Work request: Transcribe the listing verbatim, please, with images dropped.
#### Information shown ####
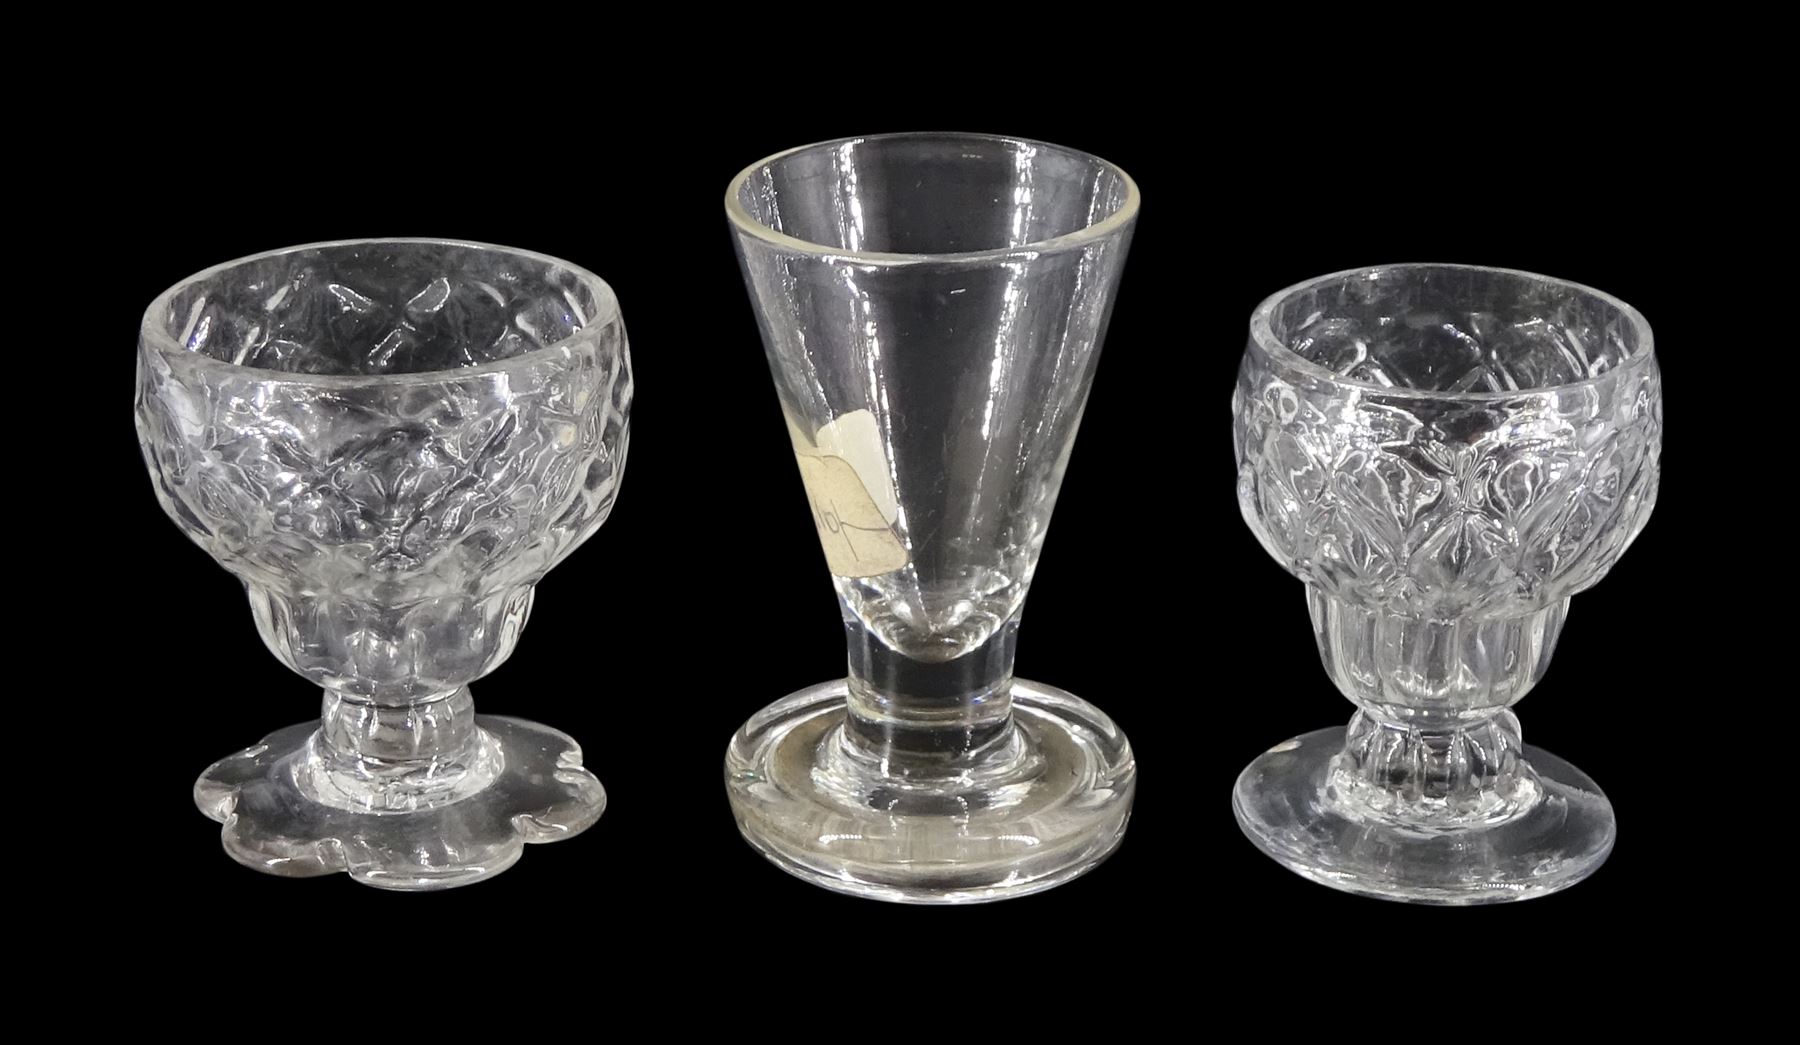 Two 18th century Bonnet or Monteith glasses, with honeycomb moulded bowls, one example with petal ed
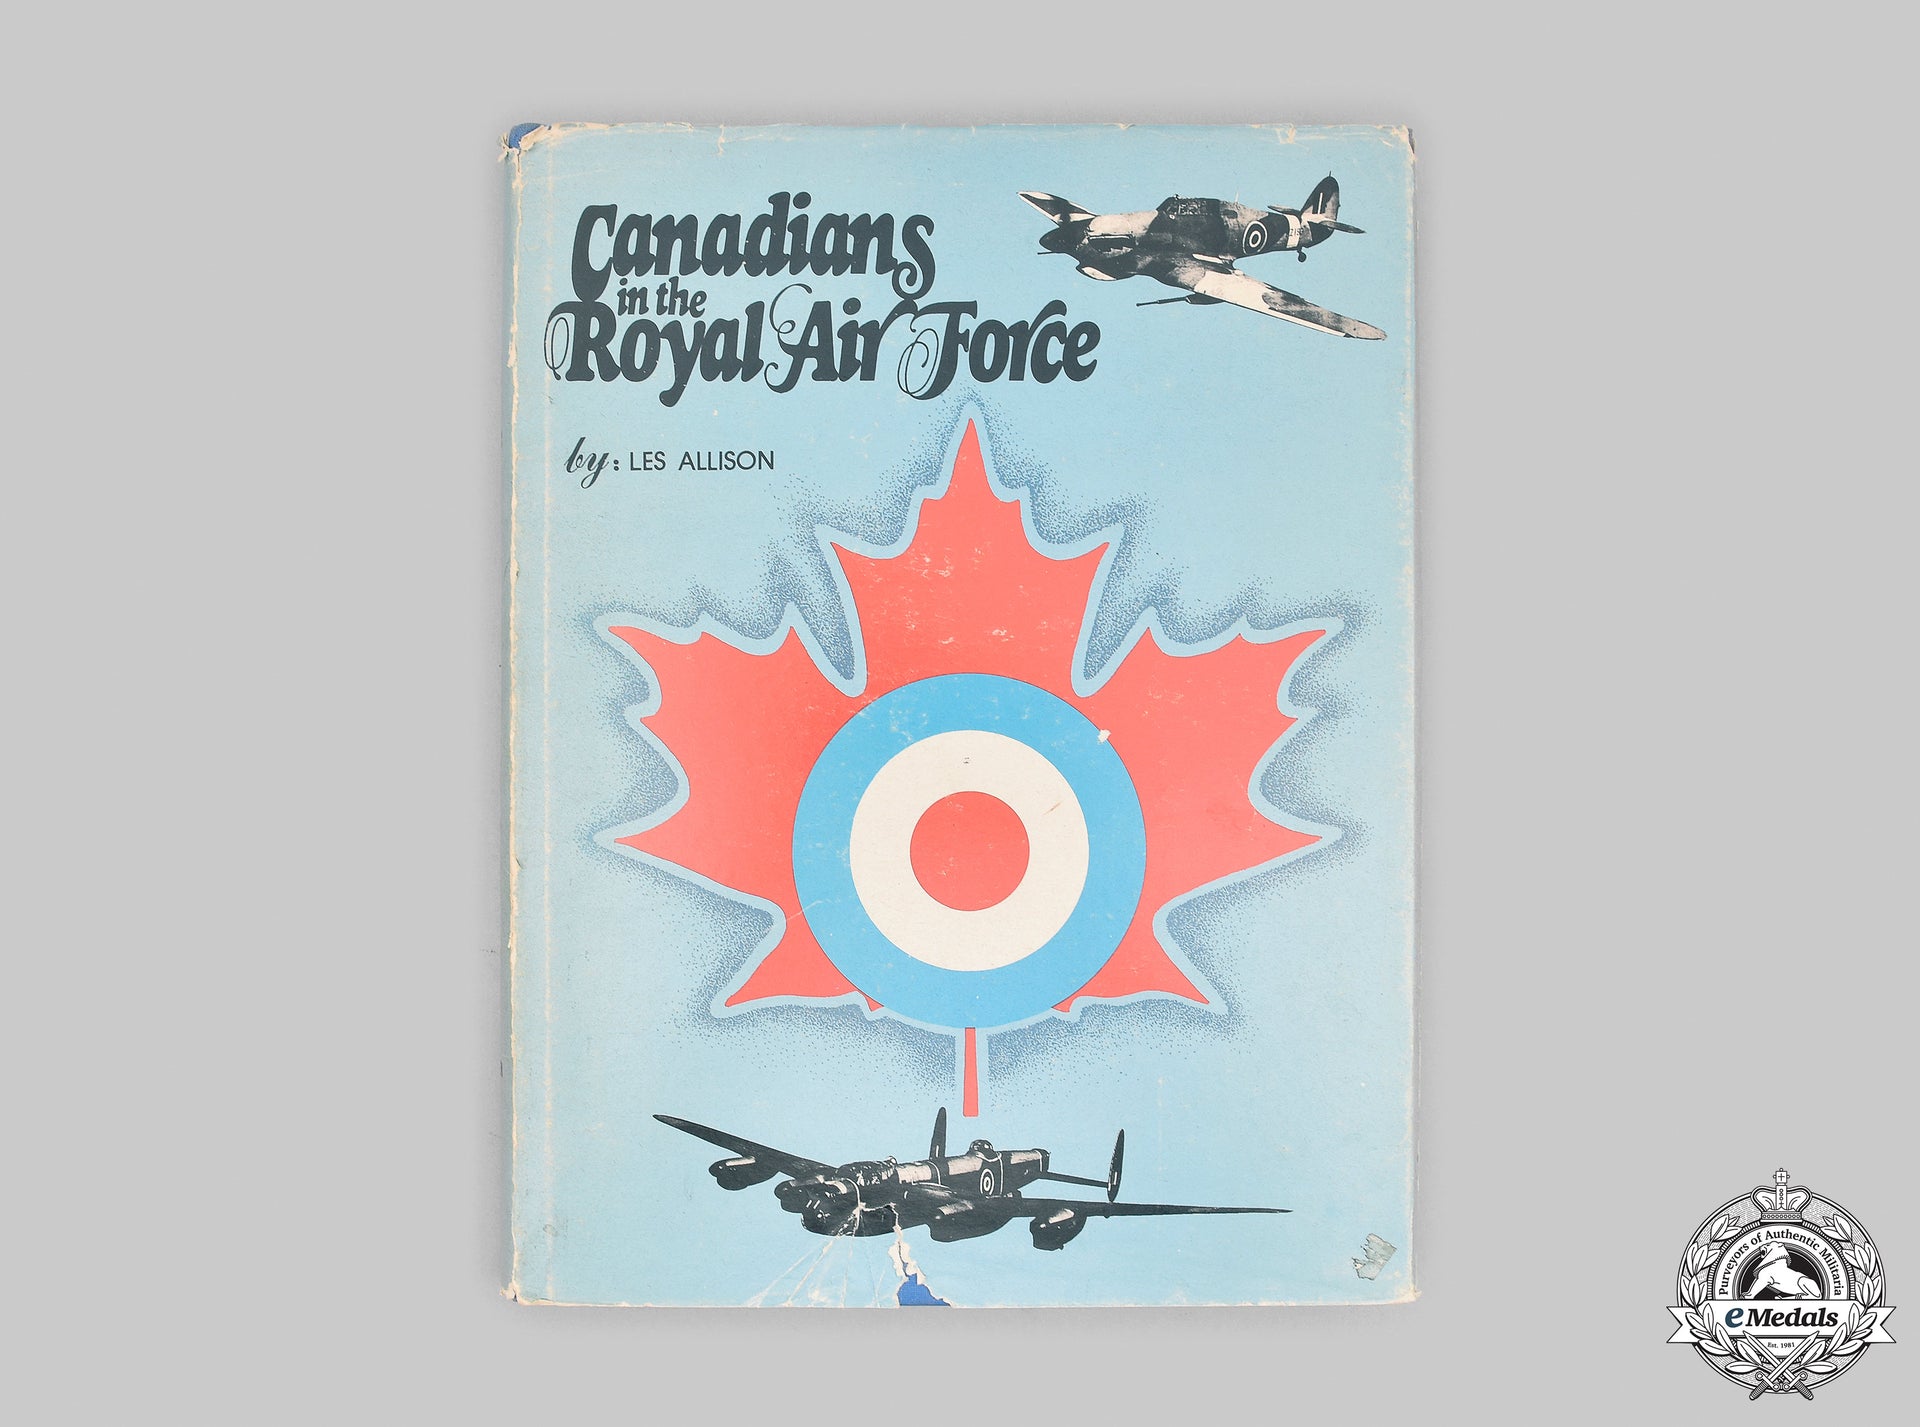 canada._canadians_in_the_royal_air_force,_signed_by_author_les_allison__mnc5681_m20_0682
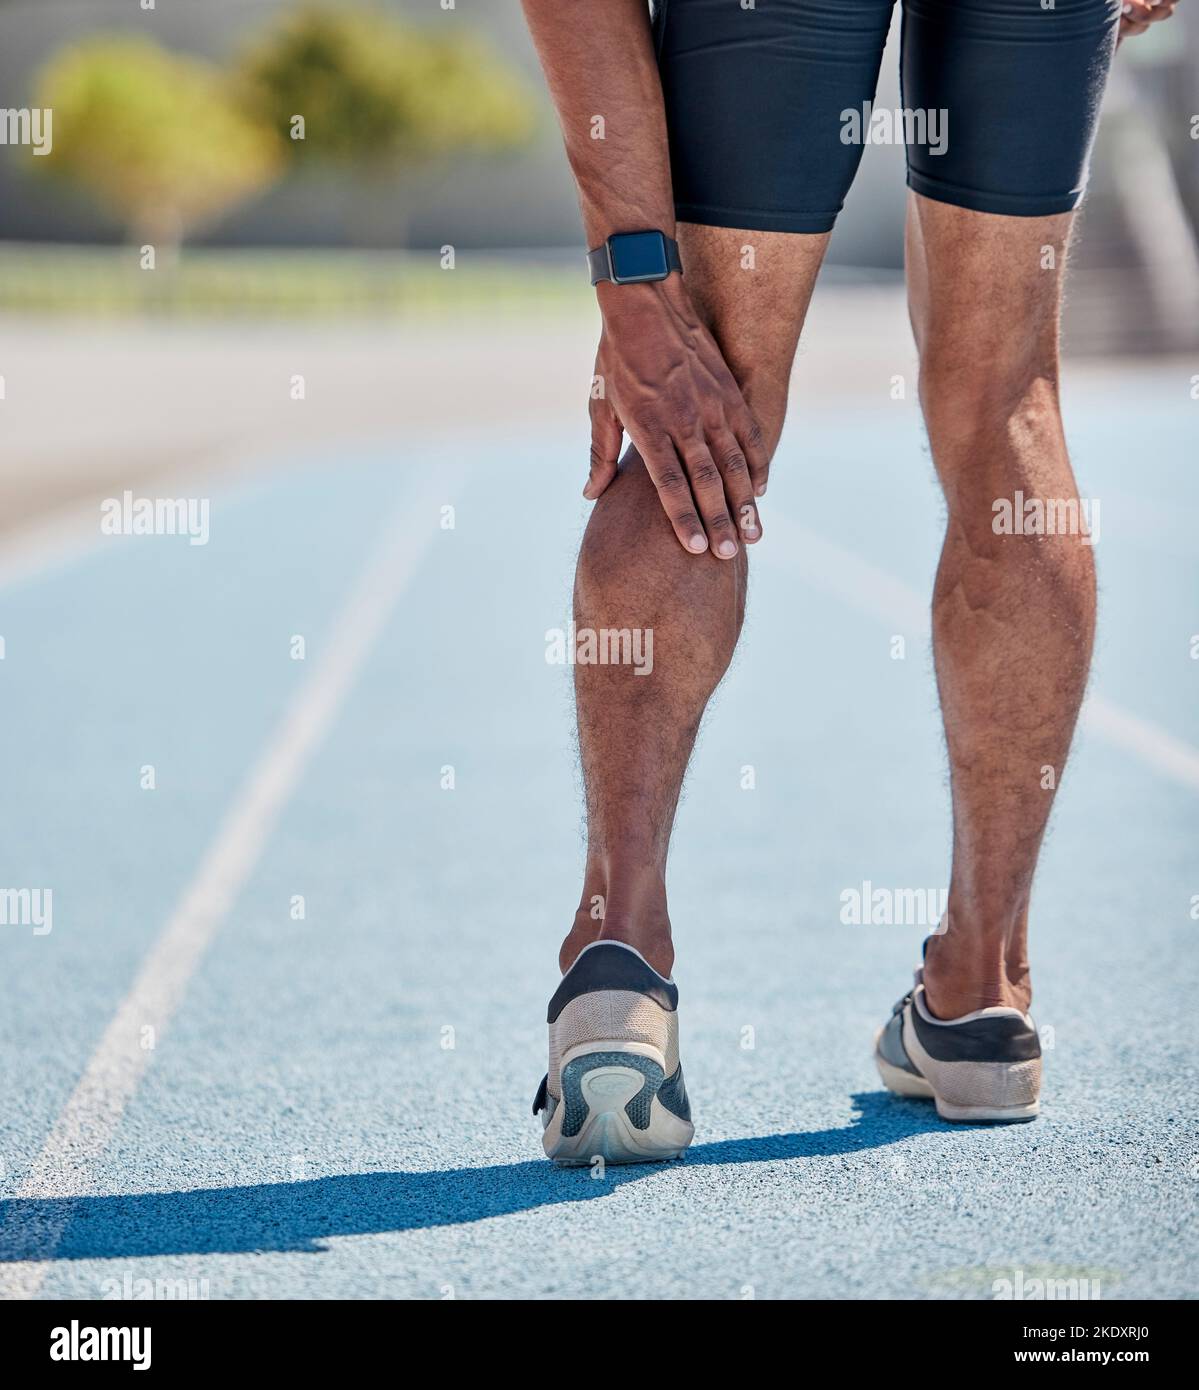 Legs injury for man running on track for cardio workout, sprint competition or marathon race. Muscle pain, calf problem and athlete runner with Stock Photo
####
Your response:
 Two 18th century Bonnet or Monteith glasses, with honeycomb moulded bowls, one example with petal ed
 canada._canadians_in_the_royal_air_force,_signed_by_author_les_allison__mnc5681_m20_0682
 Legs injury for man running on track for cardio workout, sprint competition or marathon race. Muscle pain, calf problem and athlete runner with Stock Photo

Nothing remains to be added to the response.